FIND walks the list backward from LATEST (the most recent entry). For each entry:

  1. Skip if HIDDEN flag is set
  2. Compare name length, then bytes (case-insensitive)
  3. If match: return the entry address, WordId (from code field), and IMMEDIATE flag
  4. Otherwise follow the link to the previous entry

This means later definitions shadow earlier ones, and words being compiled (HIDDEN) are invisible to FIND until ; reveals them.

Primitives: Two Kinds

IR Primitives

Most built-in words are defined as IR sequences and compiled to WASM like any user-defined word:

self.register_primitive("DUP",  false, vec![IrOp::Dup])?;
self.register_primitive("+",    false, vec![IrOp::Add])?;
self.register_primitive("OVER", false, vec![IrOp::Over])?;
self.register_primitive("ABS",  false, vec![IrOp::Dup, IrOp::ZeroLt,
    IrOp::If { then_body: vec![IrOp::Negate], else_body: None }])?;

The codegen translates each IrOp to inline WASM instructions. For example, IrOp::Dup becomes:

;; peek: read top-of-stack without popping
(global.get $dsp)
(i32.load)              ;; TOS value now on WASM operand stack

;; push_via_local: store value back to a new stack slot
(local.set 0)           ;; save to scratch local
(global.get $dsp)       ;; dsp -= 4 (grow stack)
(i32.const 4)
(i32.sub)
(global.set $dsp)
(global.get $dsp)       ;; mem[dsp] = saved value
(local.get 0)
(i32.store)

Host Primitives

Words that need access to Rust-side state (output buffer, dictionary, user variables) are implemented as Rust closures and placed directly in the function table:

let func = Func::new(&mut store, void_type, move |mut caller, _, _| {
    // Read/write memory and globals via wasmtime's Caller API
    Ok(())
});
self.register_host_primitive(".", false, func)?;

Examples: . (print number), HERE (return user data pointer), WORDS (list dictionary), TYPE (print string from memory).

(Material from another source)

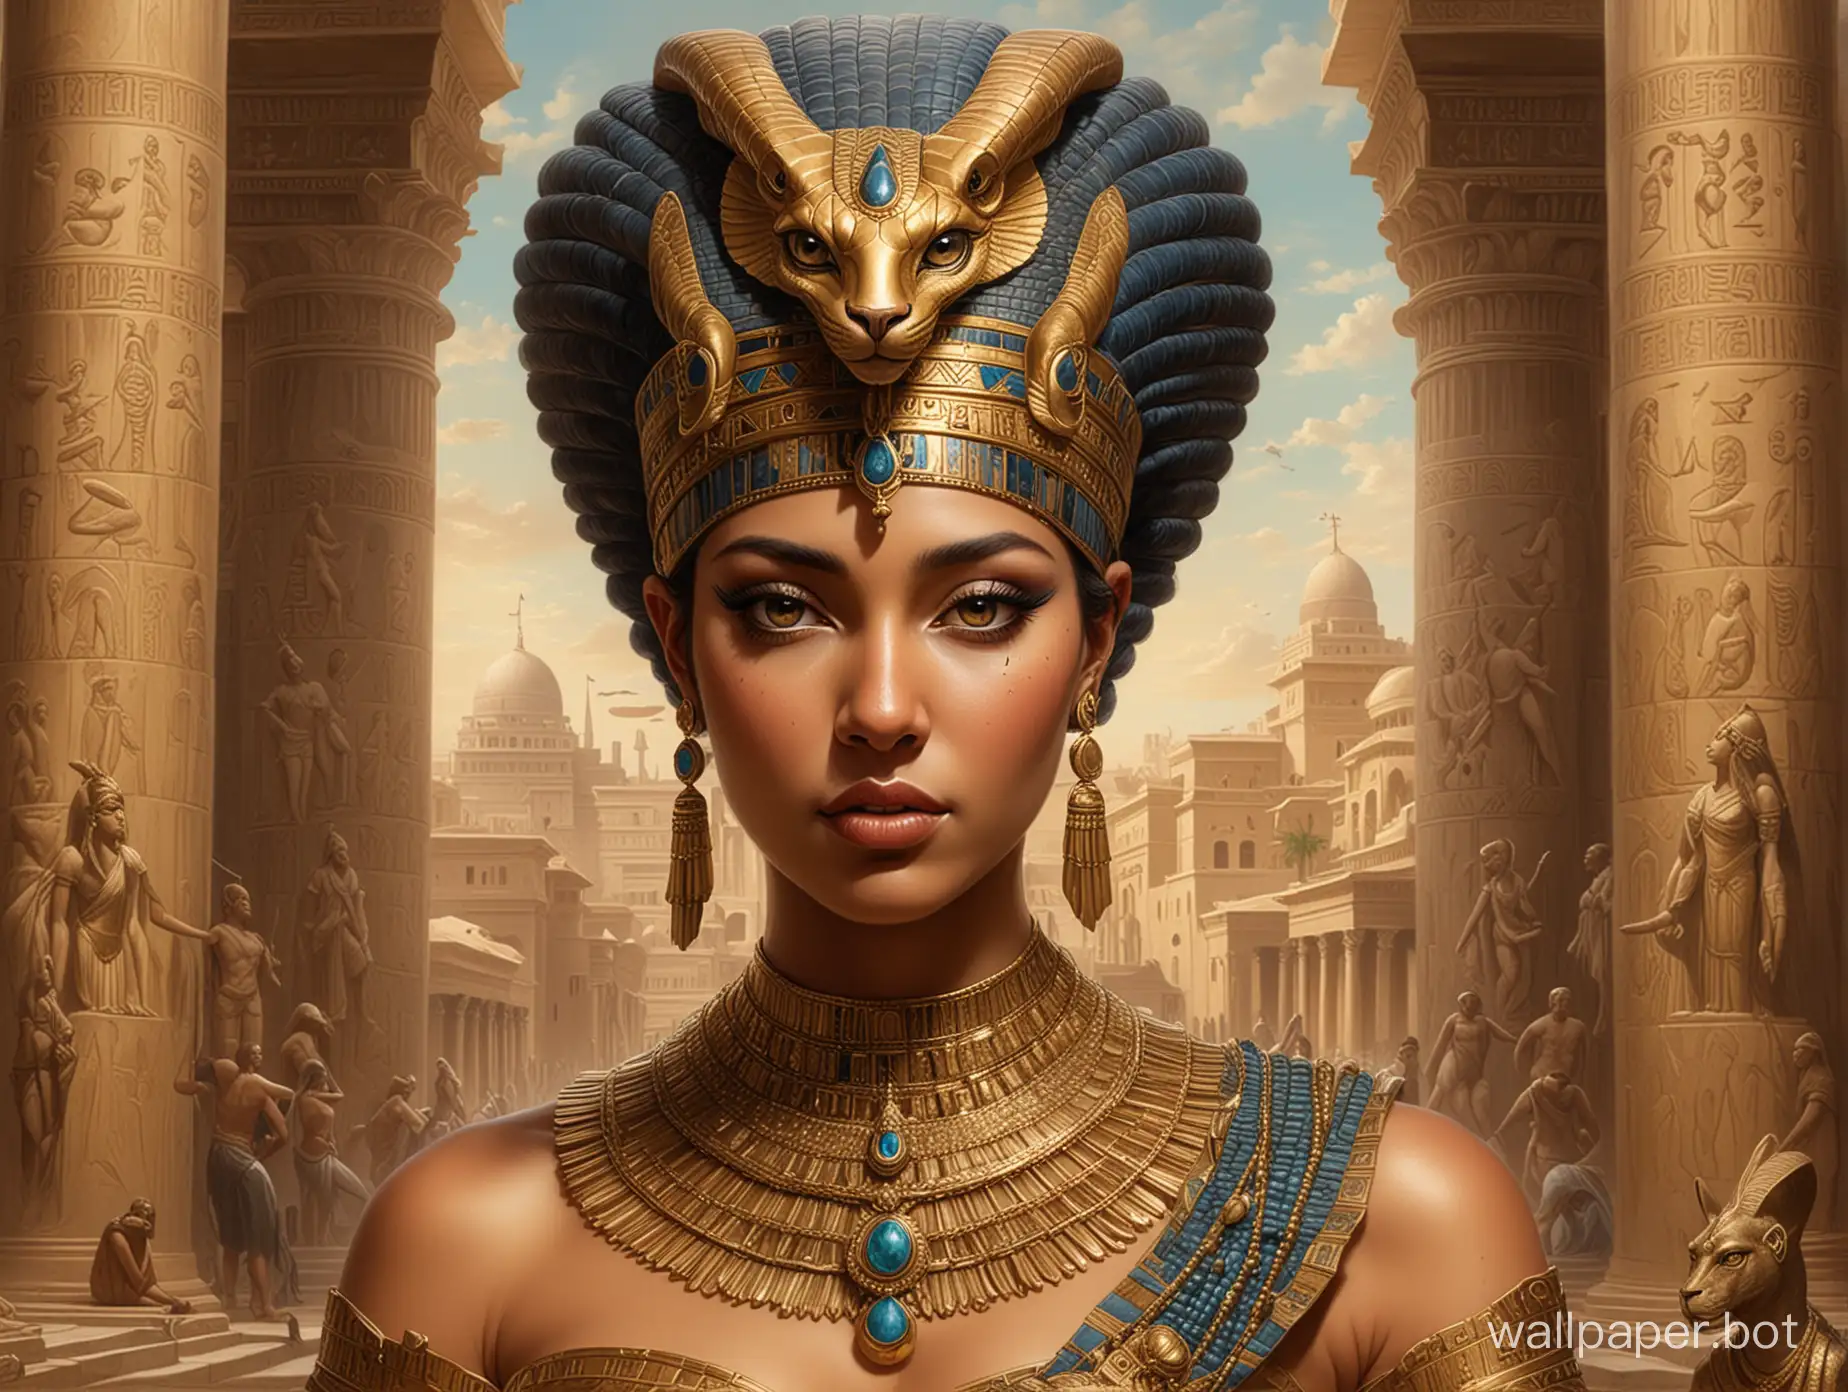 A mesmerizing conceptual art piece of Cleopatra, the queen of ancient Egypt. She is depicted as a regal and alluring woman, wearing a gold headdress with a cobra on top, and adorned with exquisite jewelry. Her eyes are full of intelligence and strength. The background shows an Egyptian palace, with columns and sculptures filled with hieroglyphics. The overall atmosphere of the piece is rich in culture and history, with a touch of mystique and power., conceptual art

Note: EMIT is an IR primitive -- it compiles to WASM code that calls the imported emit host function. This is different from host primitives like ., which are Rust closures placed directly in the function table.

What WAFER Does NOT Create on Disk

WAFER generates all WASM modules in memory. No .wasm files are written to disk. No caches, no configuration files, no persistent state. Every time you start WAFER, it rebuilds everything from scratch.

The CONSOLIDATE word (available at the REPL and in source files) recompiles all defined words into a single optimized WASM module with direct call instructions. The wafer build subcommand compiles Forth source to standalone .wasm files or native executables.

Running the Tests

cargo test --workspace              # All tests (~450)
cargo test -p wafer-core --test compliance   # Forth 2012 compliance suite
cargo test -p wafer-core --test comparison -- --nocapture --ignored  # vs gforth benchmarks
cargo run -p wafer -- file.fth      # Execute a Forth source file
echo '5 3 + .' | cargo run -p wafer # Pipe input (non-interactive)

Test helpers in outer.rs for writing Rust-side tests:

assert_eq!(eval_output("5 3 + ."), "8 ");
assert_eq!(eval_stack("1 2 3"), vec![1, 2, 3]);